Знахарь удивленно посмотрел на аппарат, а Рита, резво вскочив с дивана, сказала:
– Это меня. Тебе сюда, насколько я понимаю, звонить некому.
Она взяла трубку и деловым тоном сказала:
– Я слушаю.
Потом она долго молчала, кивая невидимому собеседнику, и наконец произнесла:
– Все понятно. Сейчас буду.
Положив трубку, она посмотрела на Знахаря и, вздохнув, сказала:
– Вот так всегда… Только настроишься отдохнуть, обязательно какая-нибудь скотина помешает.
– Это Наринский, что ли?
– Ну, а кто же еще? – Рита в сердцах пнула ни в чем не повинный стул и, подойдя к стенному шкафу, широко распахнула его створки.
– Та-ак… Что бы такое надеть… Говорит – будь при полном параде! Сволочь!
Знахарь, не выдержав, засмеялся.
– И ты тоже сволочь! – завопила Рита. – Все вы, мужики, сволочи! Убила бы всех подряд! Ух!
– Ага! – поддакнул Знахарь. – И прямиком в лесбиянки.
– Вот только это меня и удерживает. Терпеть не могу этих ковырялок! А так бы всех вас, гадов…
Она вытащила из шкафа ярко-красное платье и, повернувшись к Знахарю, сказала:
– Это то самое, в котором я с тобой к Терминатору в гости ходила. Помнишь?
– Ага, помню, – мстительно кивнул Знахарь. – Это когда ты меня своим корешам сдала. Помнишь?
– Дурак, – с железной женской логикой ответила Рита. – Я тебя спрашиваю – надевать его или нет?
– Надевай, – Знахарь пожал плечами. – Мне-то что?
Рита метнула в него злобный взгляд и удалилась в ванную.
Знахарь посмотрел ей вслед и пробормотал:
– Женщины…
Потом он встал и подошел к холодильнику.
Открыв его, он с удовольствием заглянул внутрь и громко, чтобы его услышала Рита, переодевавшаяся в ванной, сказал:
– Разница между пивом и женщиной заключается в том, что пиво никогда не спрашивает, почему от тебя пахнет другим пивом и сколько этого другого пива ты сегодня выпил!

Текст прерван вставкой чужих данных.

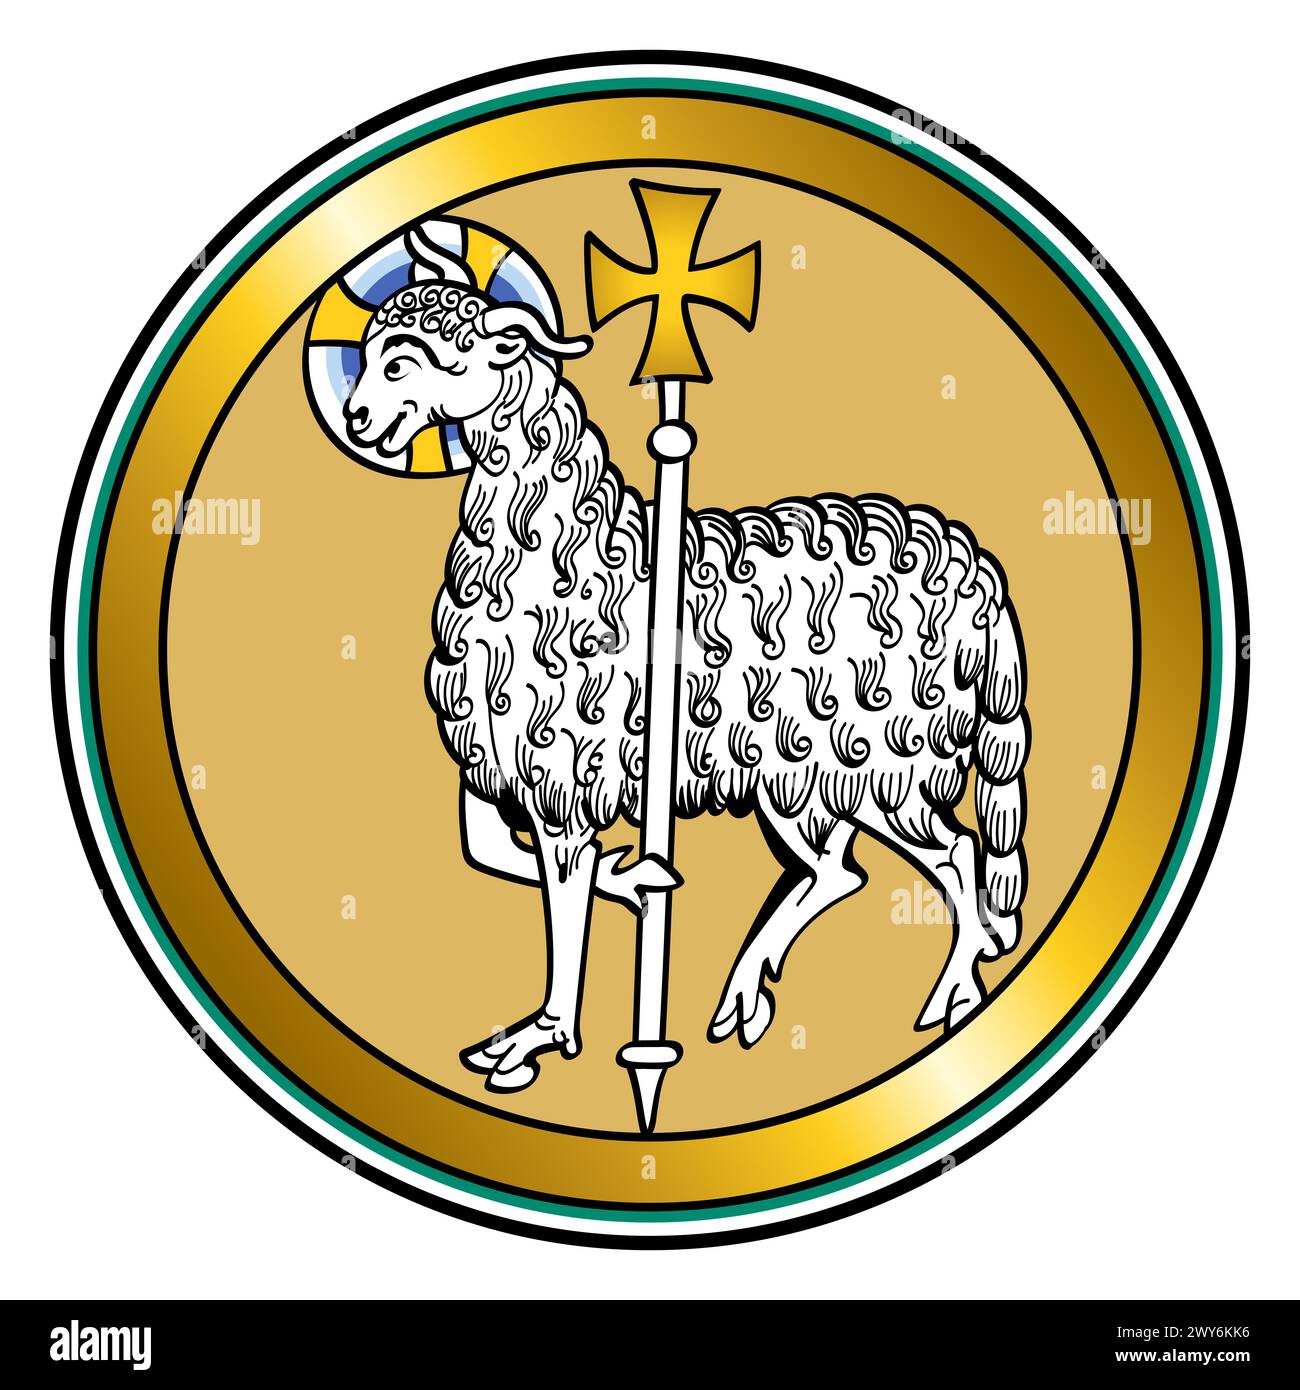 Agnus Dei, Lamm Gottes, mittelalterliche Darstellung von Jesus als Lamm, mit einem Halo und einem Standard mit einem Kreuz, das den Sieg symbolisiert. Stockfoto

Из ванной раздалось: – Дурак! Дурак и сволочь!
* * *
Я сидел на шатком стульчике и, положив локоть на исцарапанный пластмассовый стол, смотрел на Неву.

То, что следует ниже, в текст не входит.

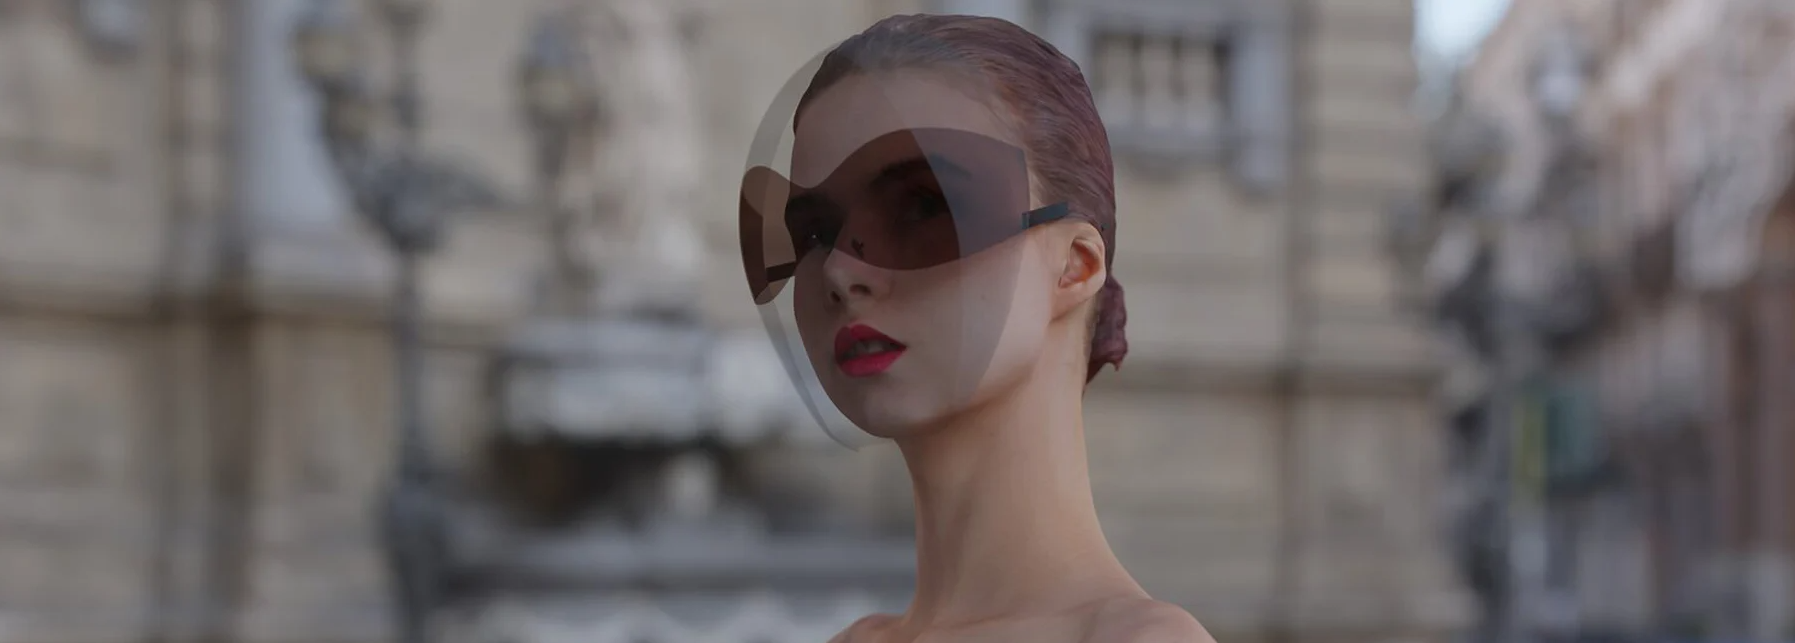 Designer cria protetor facial com óculos de sol integrado

За моей спиной молча взирал на морское училище бронзовый Иван Федорович Крузенштерн, а прямо передо мной безостановочно ползла в сторону Европы темная вода Невы.
Наступили сумерки, и повсюду зажглось множество фонарей.
За соседним столиком весьма приличный молодой человек охмурял девушку, и она ничего не имела против. Судя по всему, оба были беззаботными студентами, и их жизнь протекала совсем не так, как у меня. Хотя, кто знает, как повернется колесо Фортуны…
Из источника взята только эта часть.